Für diesen Assay wurde im Handel erhältliches Humanserum mit Dots verwendet. Setzen Sie die Platte wieder in den Bioassay-Scanner ein und setzen Sie die Messung fort, bis die Sättigung etwa 30 bis 60 Minuten nach der Sättigung erreicht ist, unterbrechen Sie die Messung und werfen Sie die Platte aus. Waschen Sie die Platte dreimal mit 200 Mikrolitern PBST pro Well, gefolgt von drei Spülgängen mit 200 Mikrolitern PBS pro Well wie zuvor, und geben Sie dann 50 Mikroliter Assay-Puffer in alle aktiven Wells.

Setzen Sie nun die Platte wieder in den Bioassay-Scanner ein und setzen Sie die Messung fort, um die Resonanz nach dem Waschen zu überwachen, bevor Sie die Messung stoppen und die Platte auswerfen. Analysieren Sie schließlich die Daten mit der Bioassay-Scanner-Software oder exportieren Sie Rohdatendateien in die bevorzugte statistische Analysesoftware. Die Bioassay-Scanner-Software generiert automatisch die Bindungskurve basierend auf dem Plattenlayout, das während des Versuchsaufbaus bereitgestellt wurde.

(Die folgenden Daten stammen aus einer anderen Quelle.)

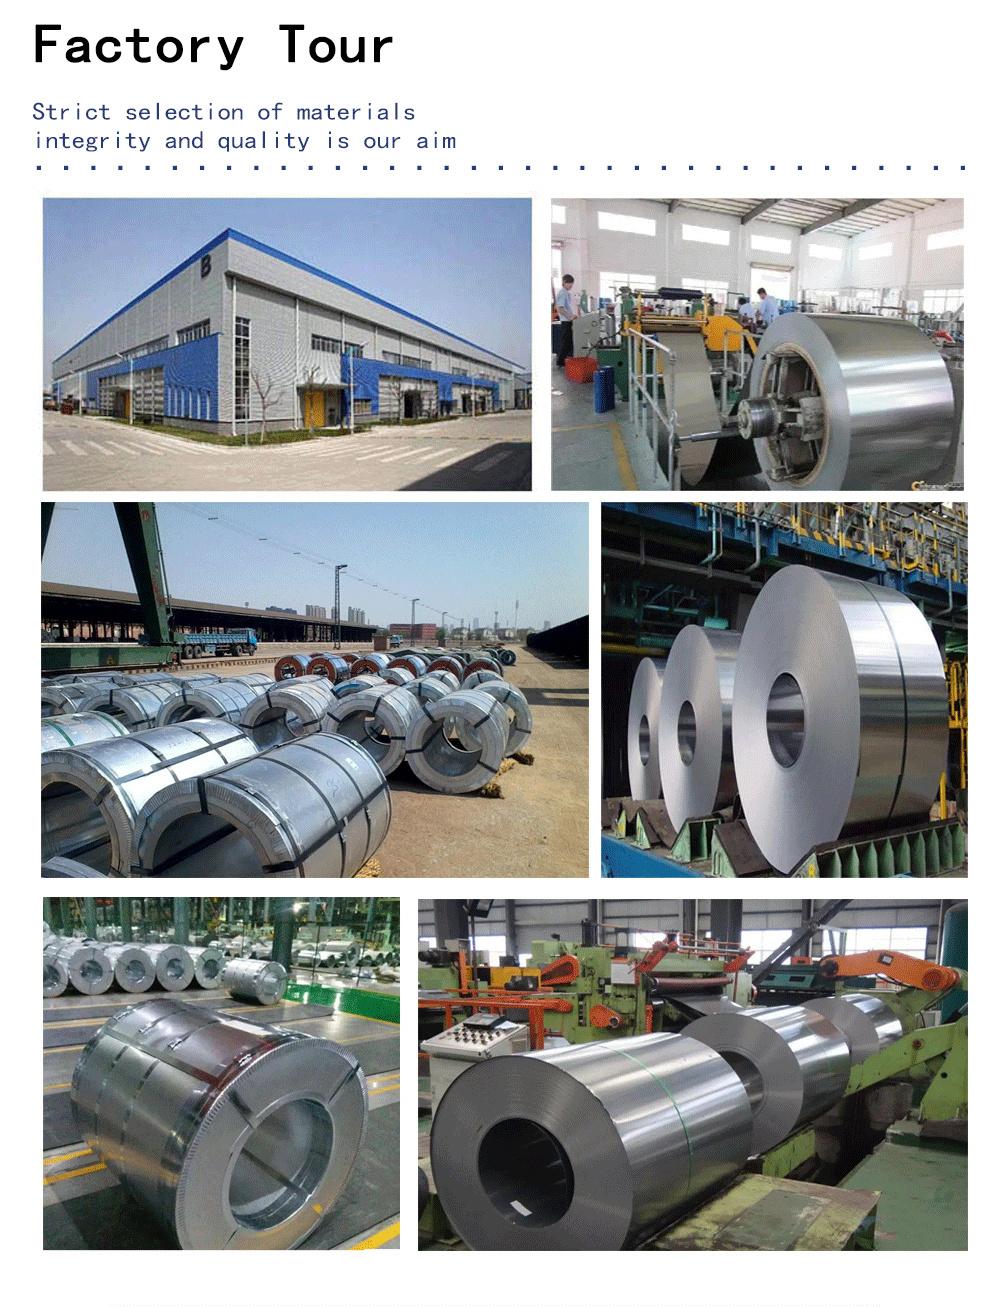 Dx51d Dx52D Z90 Z275 SGCC Zinc Coated Steel Coil Cold Rolled Electro Galvanized Steel Coil Roll Price Gi Coil 24 Gauge Galvanized Steel Coil

Biotinyliertes RL 21 A-T-C-R-M oder IgG zwei A wurde auf der AVID AVIDAN Assayplatte immobilisiert; repräsentative Ergebnisse zeigen den Nachweis des Zieltumorantigens F-L-S-L-H-L-A in einer Patientenplasmaprobe im Gleichgewicht und nach dem Waschen. IgG zwei A wird als Kontrolle für unspezifisch bindende Gewebeschnitte verwendet, die mit einer Positivkontrolle und Negativkontrollen gefärbt wurden. Und für RL 21 bestätigt eine Färbung des Tumorgewebes mit RL 21 A die Darstellung von F-L-S-L-H-L-A-Komplexen.

Nachdem Sie sich dieses Video angesehen haben, sollten Sie ein gutes Verständnis dafür haben, wie HLA-assoziierte Biomarker in Patientenflüssigkeiten mit Hilfe von T-Zell-Rezeptor-ähnlichen Antikörpern gemessen und die Bindung des Zielantigens an den Antikörper auf dem markierungsfreien Bioassay-System überwacht werden kann. Wenn Sie dieses Verfahren ausprobieren, ist es wichtig, daran zu denken, alle Probenpuffer vor der Verwendung zu inkubieren, um Temperaturspitzen zu vermeiden und für jeden Schritt den richtigen Probenpuffer zu verwenden.